When I use a 2 state matlab model, and set the simulation to have the same starting probabilities, than I can reproduce the neuron trace, but if I calculate my own steady state activation (which seems to be the right one) it doesn't match neuron's.
The second issue is that when I increase to 3 or more channels even if I match the initial probabilities the traces end up diverging, however at the moment I just want to understand why the initial probabilities are wrong.

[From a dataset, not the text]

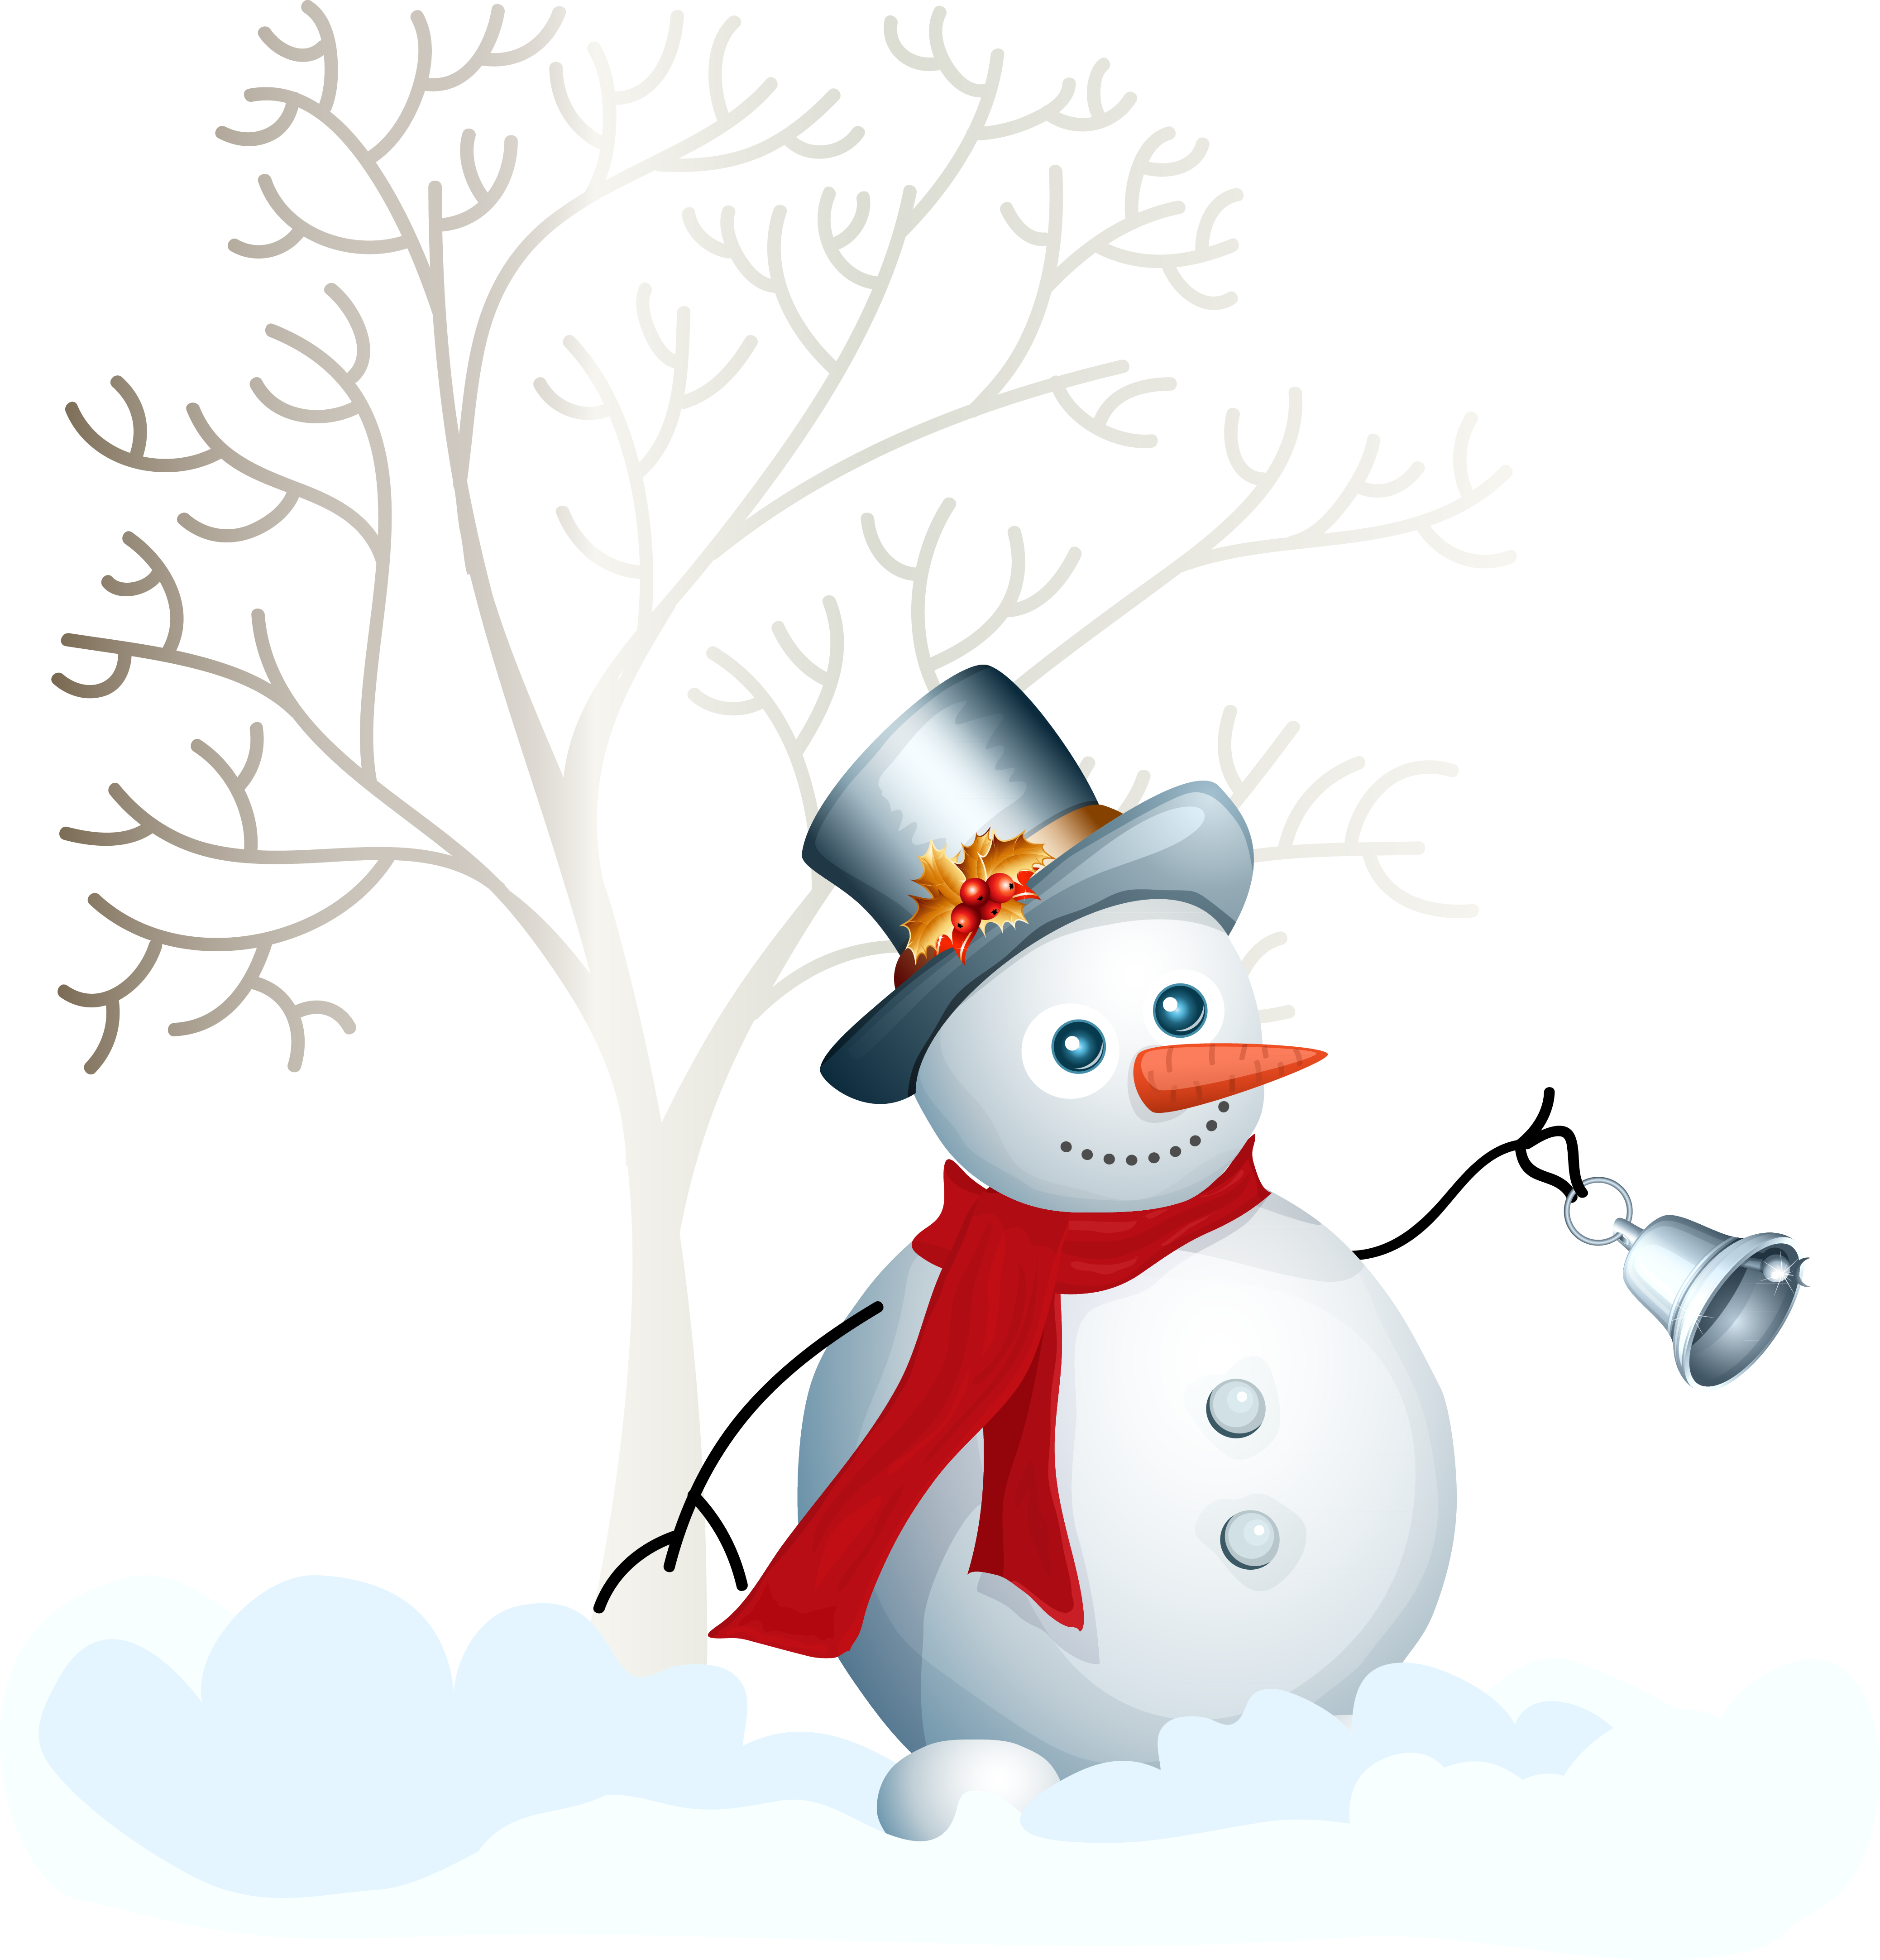 Winter Cute Snowing Christmas Snowman GIF GIF PNG Images

This is the full 2 state channel model I've been using
Code: Select all
TITLE channel model imported from QUB
NEURON {
SUFFIX QUB_K_CHANNEL2
USEION k READ ek WRITE ik
RANGE gbar, gk, ik, k0_C1_O1, k1_C1_O1, k0_O1_C1, k1_O1_C1
}
UNITS {
(mA) = (milliamp)
(mV) = (millivolt)
(pS) = (picosiemens)
(um) = (micron)
}
PARAMETER {
gbar = 0.001 (pS/um2)
k0_C1_O1 = 0.0006 (/ms)
k1_C1_O1 = 0.04 (/mV)
k0_O1_C1 = 0.0005 (/ms)
k1_O1_C1 = 0.08 (/mV)
}
STATE {
O1 C1 }
ASSIGNED {
v (mV)
ek (mV)
ik (mA/cm2)
gk (pS/um2)
C1O1 (/ms)
O1C1 (/ms)
}
INITIAL {
SOLVE states STEADYSTATE sparse
}
BREAKPOINT {
SOLVE states METHOD sparse
gk = gbar*O1
ik = (1e-4)*gk*(v - ek)
}
KINETIC states {
rates(v)
CONSERVE O1 + C1 = 1
~ C1 <-> O1 (C1O1, O1C1)
}
PROCEDURE rates(v(millivolt)) {
C1O1 = k0_C1_O1 * exp(k1_C1_O1*v)
O1C1 = k0_O1_C1 * exp(k1_O1_C1*v)
}
And the session file I've been using to create a patch clamp and some graphs to compare with matlab
Code: Select all
{load_file("nrngui.hoc")}
objectvar save_window_, rvp_
objectvar scene_vector_[6]
objectvar ocbox_, ocbox_list_, scene_, scene_list_
{ocbox_list_ = new List() scene_list_ = new List()}
{pwman_place(0,0,0)}
//Begin SingleCompartment
{
load_file("single.hoc")
}
ocbox_ = new SingleCompartment(0)
ocbox_.inserter = new Inserter(0)
{object_push(ocbox_.inserter)}
{
mt.select("QUB_K_CHANNEL2") i = mt.selected()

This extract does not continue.